(Input data)
━━━━━━━━━━━━━━━━━━━━━━━━━━━━━━

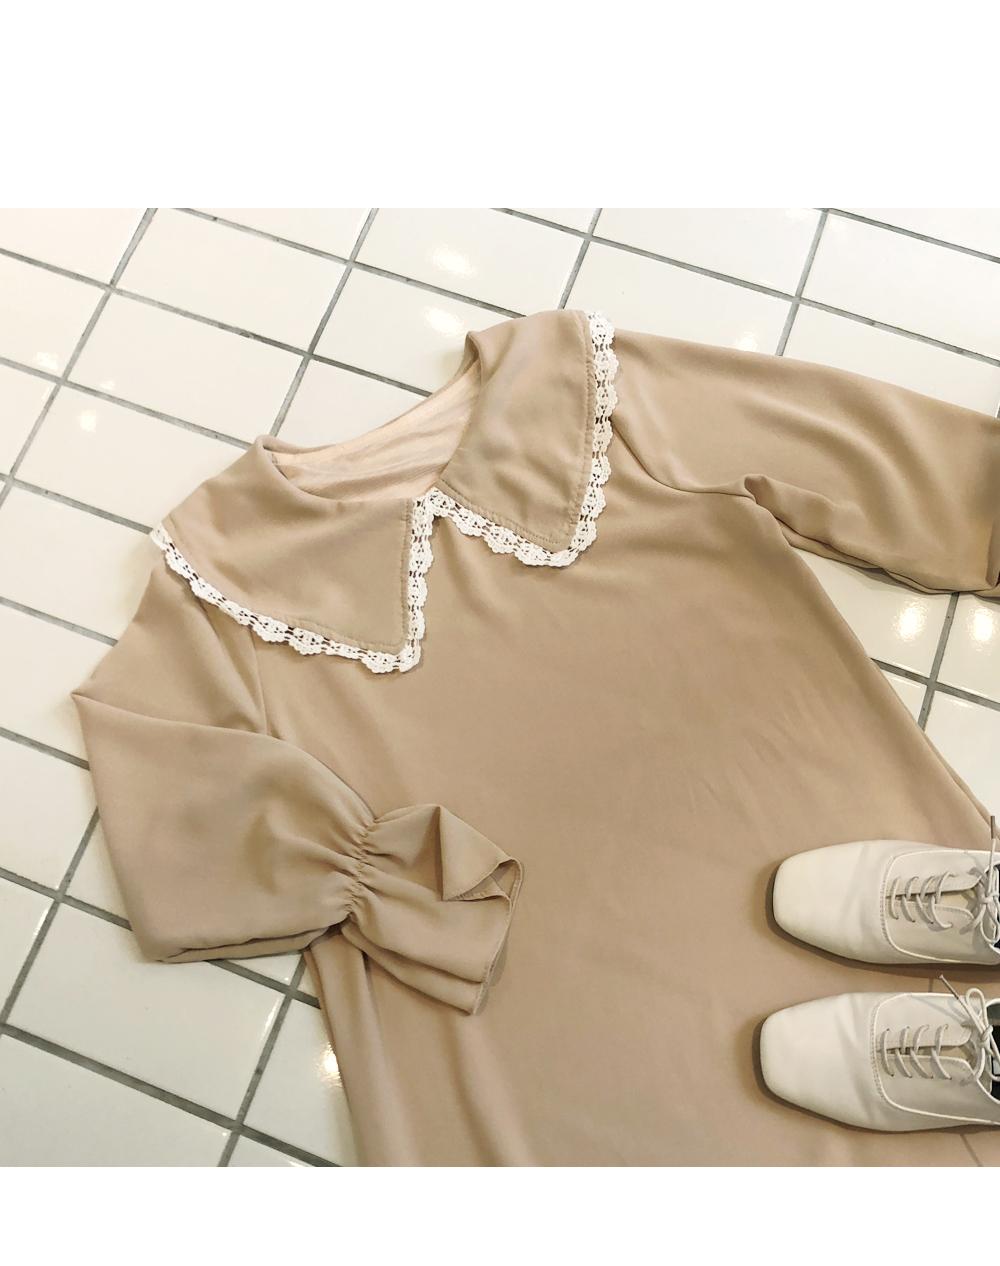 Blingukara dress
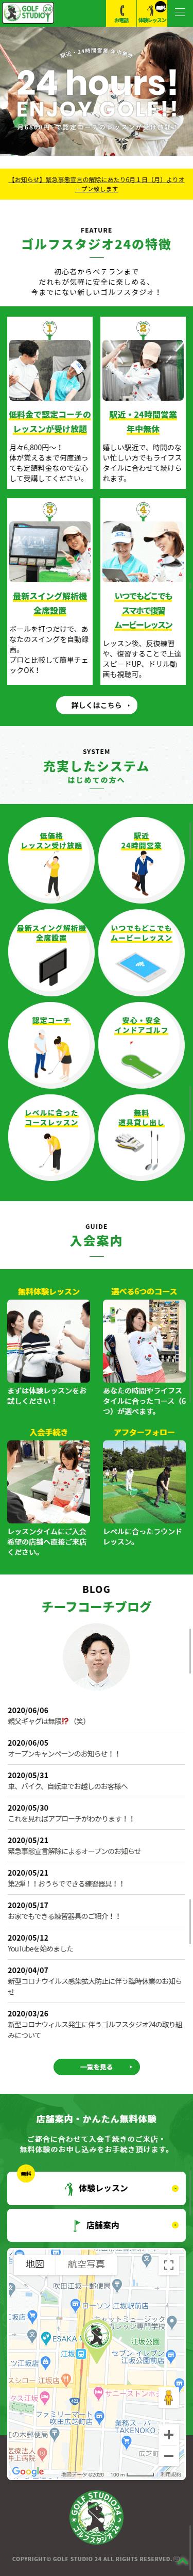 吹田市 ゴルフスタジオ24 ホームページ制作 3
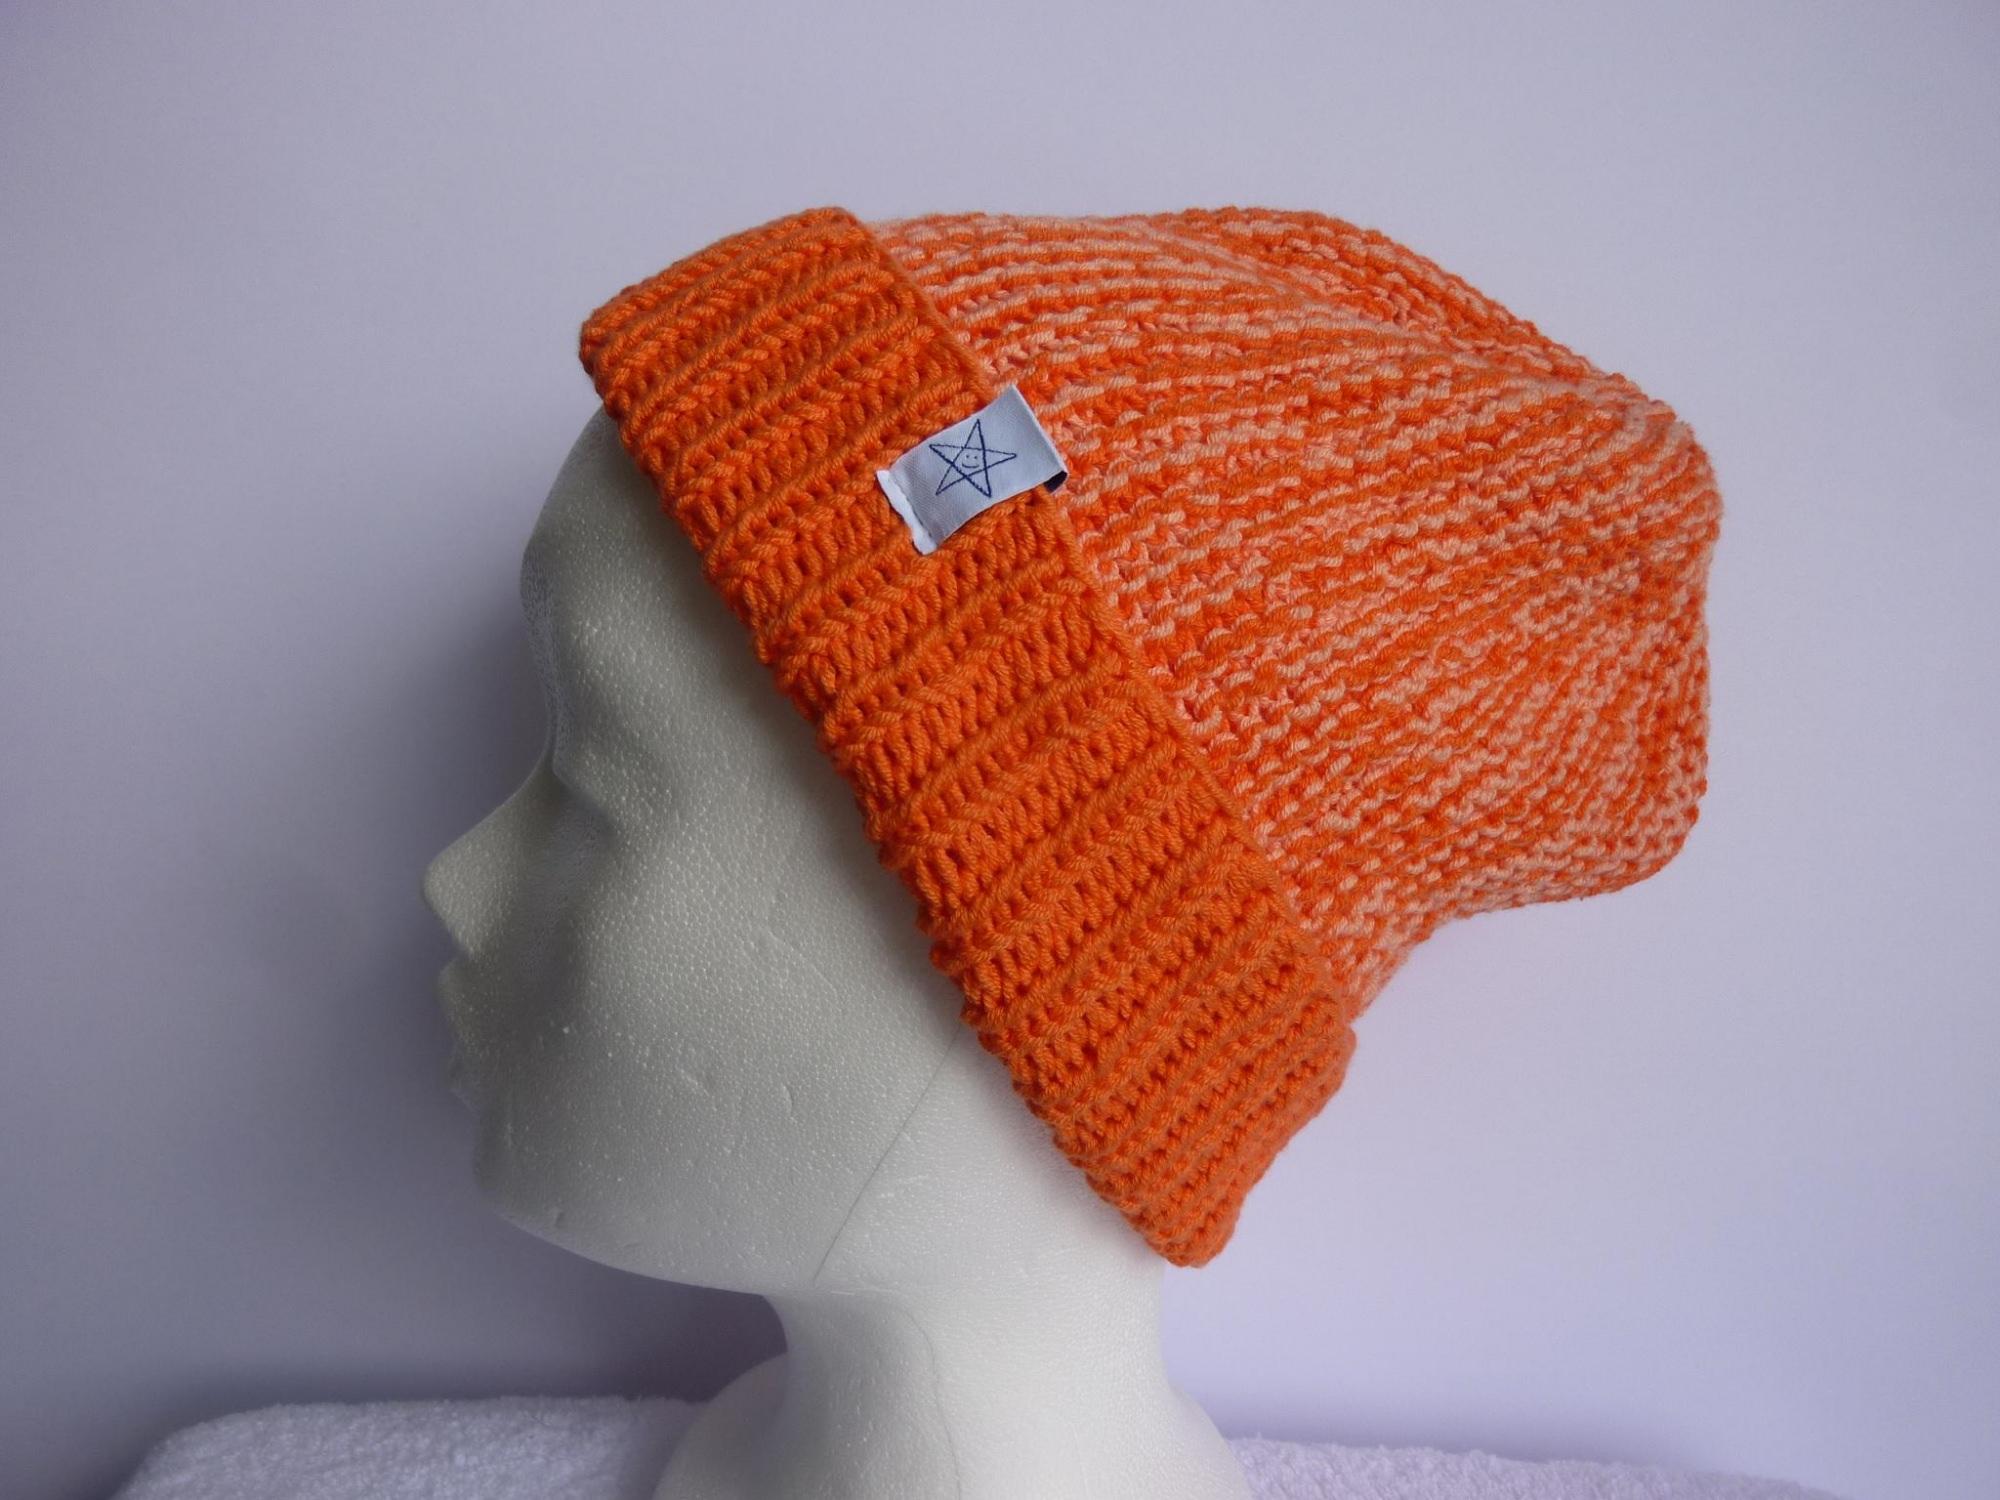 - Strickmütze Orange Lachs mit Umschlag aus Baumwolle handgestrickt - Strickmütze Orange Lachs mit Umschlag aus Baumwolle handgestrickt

━━━━━━━━━━━━━━━━━━━━━━━━━━━━━━

(Goal of the exercise)
Keep the pictures out of the copy and return the rest of the data above exactly.

(Expected answer)
 Blingukara dress
 吹田市 ゴルフスタジオ24 ホームページ制作 3
 - Strickmütze Orange Lachs mit Umschlag aus Baumwolle handgestrickt - Strickmütze Orange Lachs mit Umschlag aus Baumwolle handgestrickt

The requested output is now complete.